Excerpted records:
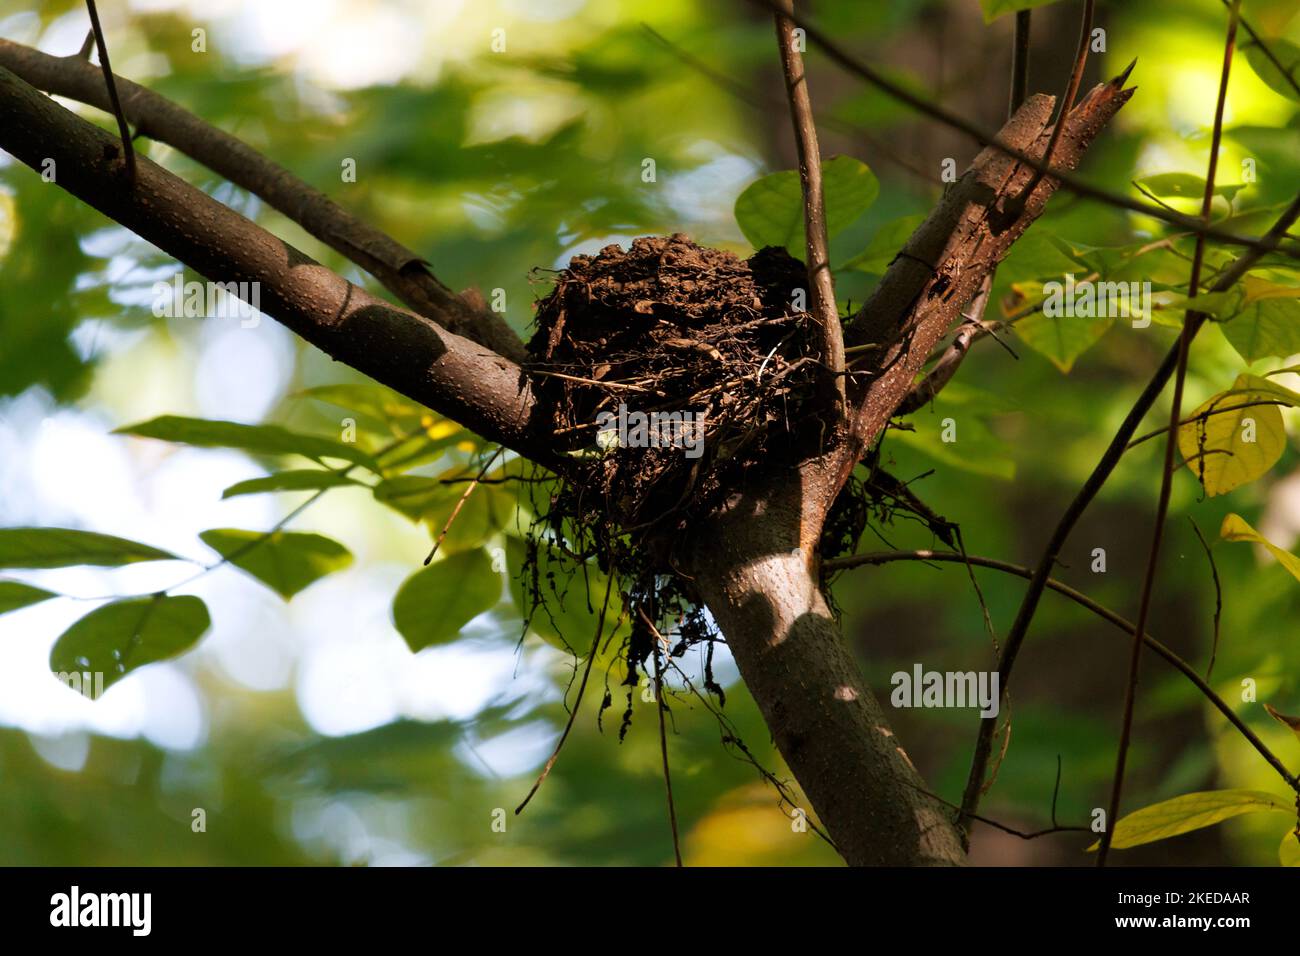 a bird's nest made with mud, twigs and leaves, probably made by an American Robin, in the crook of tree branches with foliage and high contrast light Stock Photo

==

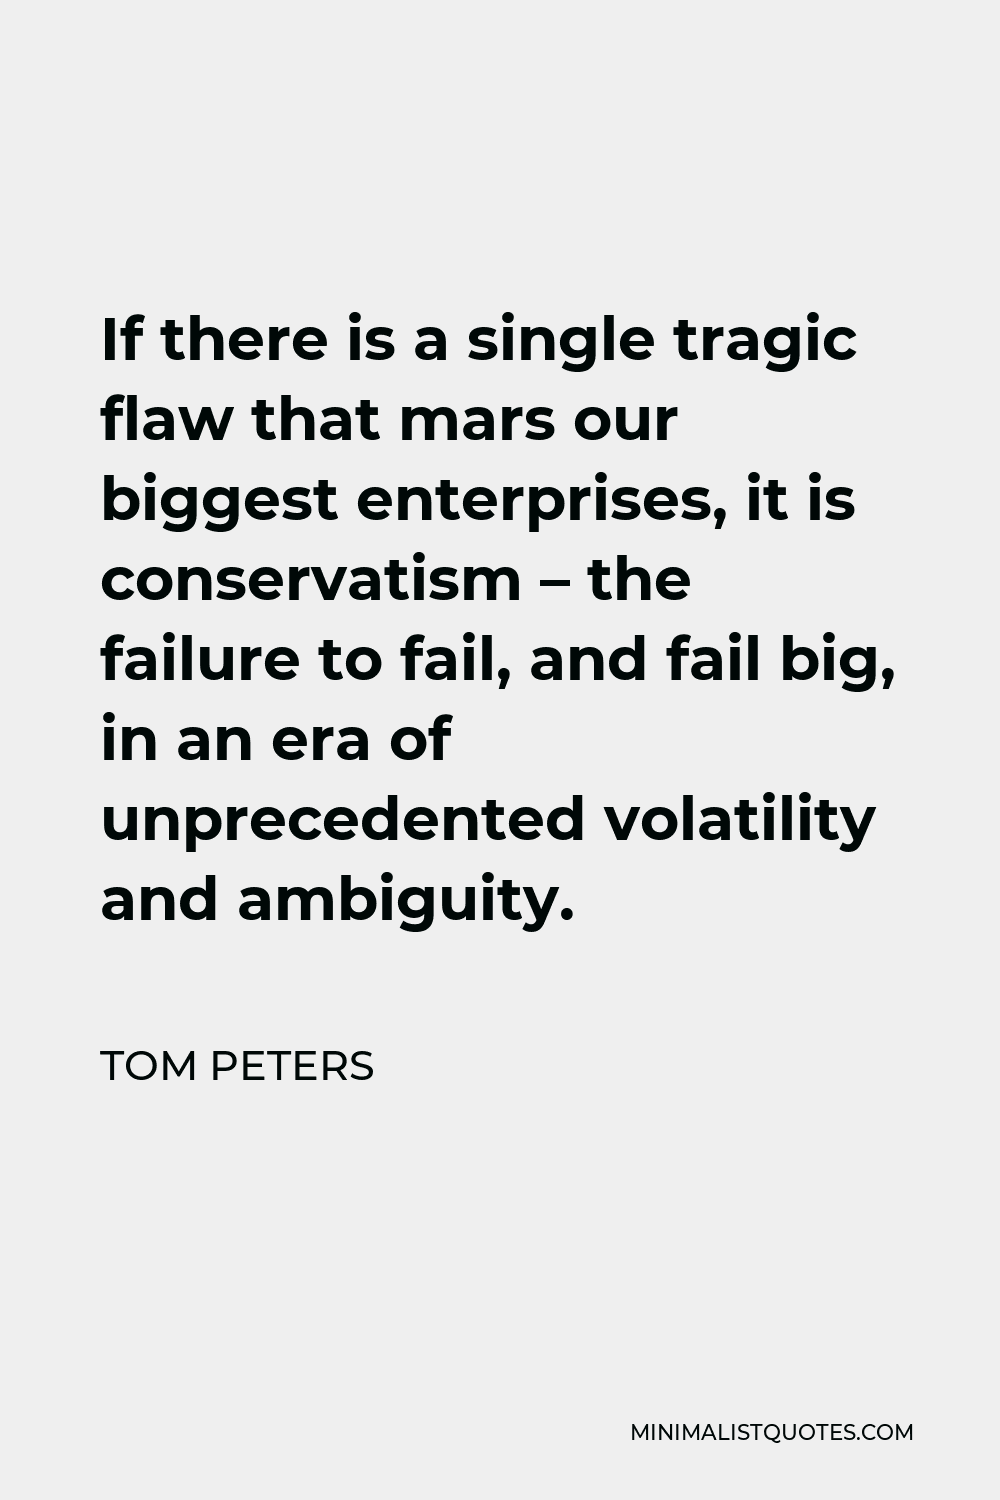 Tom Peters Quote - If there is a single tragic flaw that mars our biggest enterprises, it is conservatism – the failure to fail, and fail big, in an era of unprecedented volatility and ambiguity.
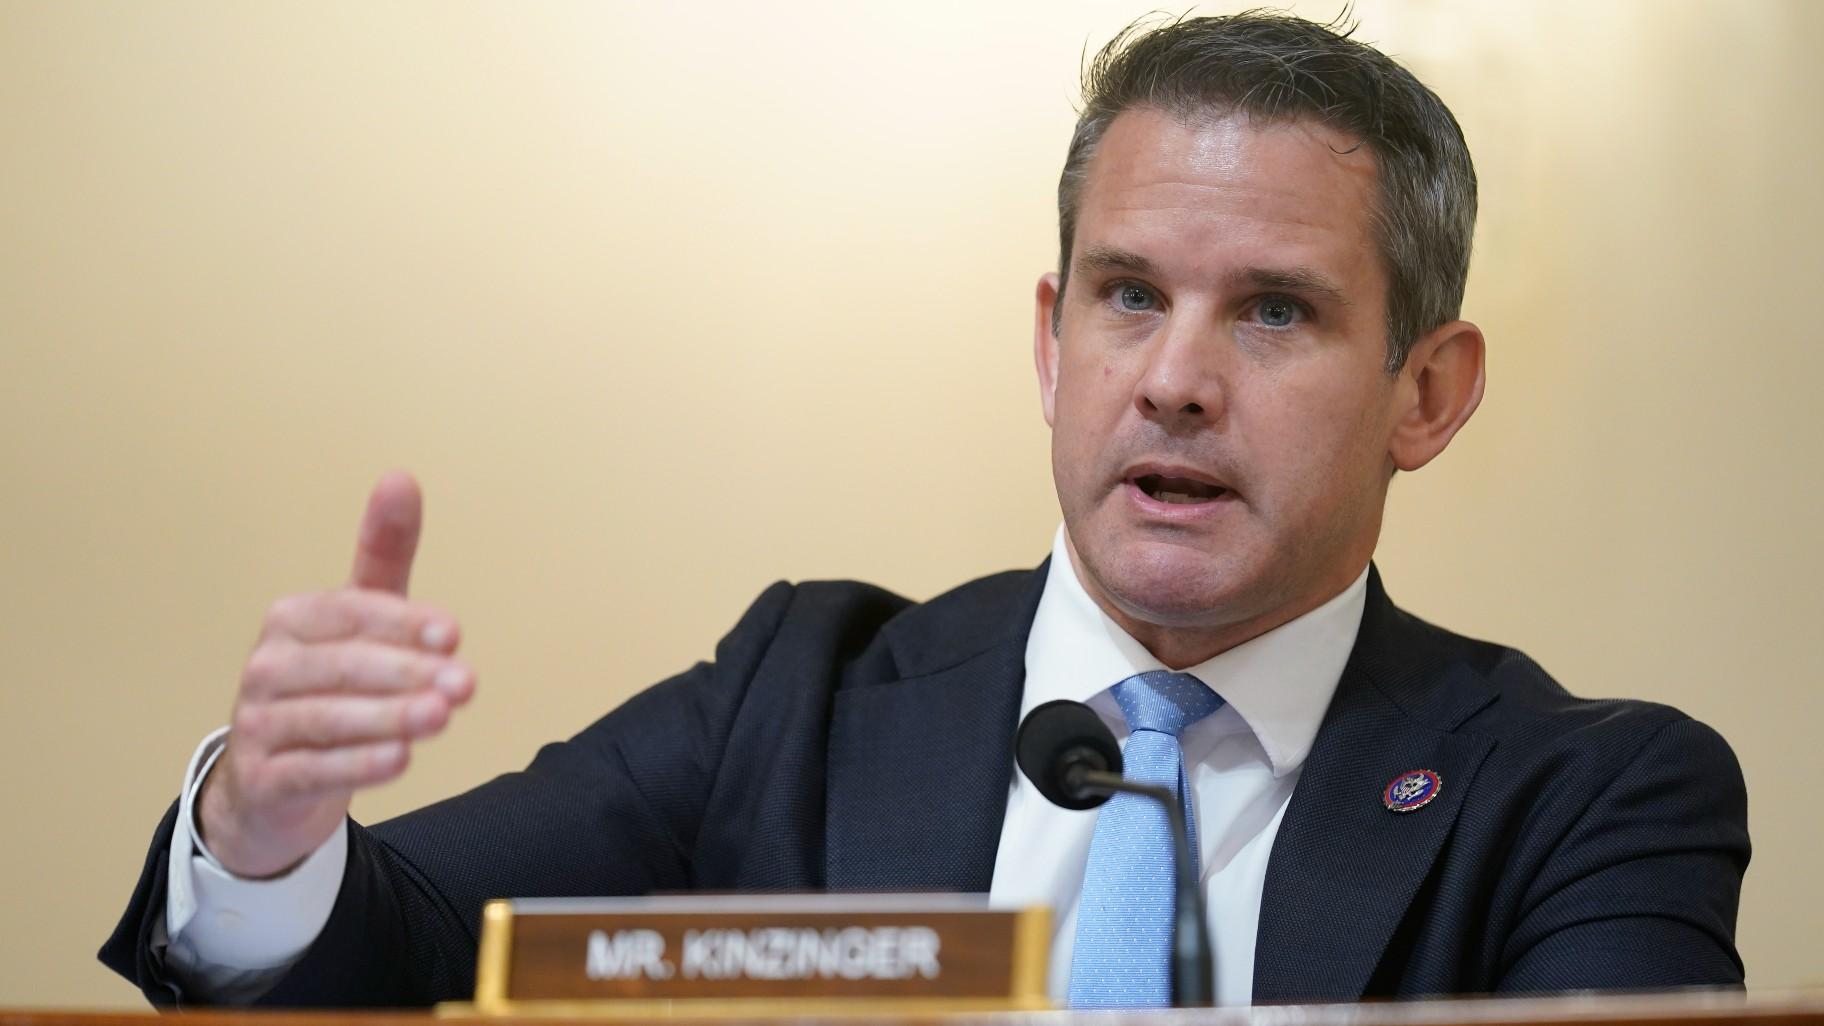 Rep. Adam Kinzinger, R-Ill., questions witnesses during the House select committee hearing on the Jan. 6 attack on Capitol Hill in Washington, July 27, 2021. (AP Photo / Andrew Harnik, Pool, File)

Work task:
Which part of the entries opens with the line containing "Tom Peters Quote" and closes with the line containing "Rep. Adam Kinzinger, R-Ill., questions"? Output that part exactly, ends included, pictures excluded.

Solution for this problem:
 Tom Peters Quote - If there is a single tragic flaw that mars our biggest enterprises, it is conservatism – the failure to fail, and fail big, in an era of unprecedented volatility and ambiguity.
 Rep. Adam Kinzinger, R-Ill., questions witnesses during the House select committee hearing on the Jan. 6 attack on Capitol Hill in Washington, July 27, 2021. (AP Photo / Andrew Harnik, Pool, File)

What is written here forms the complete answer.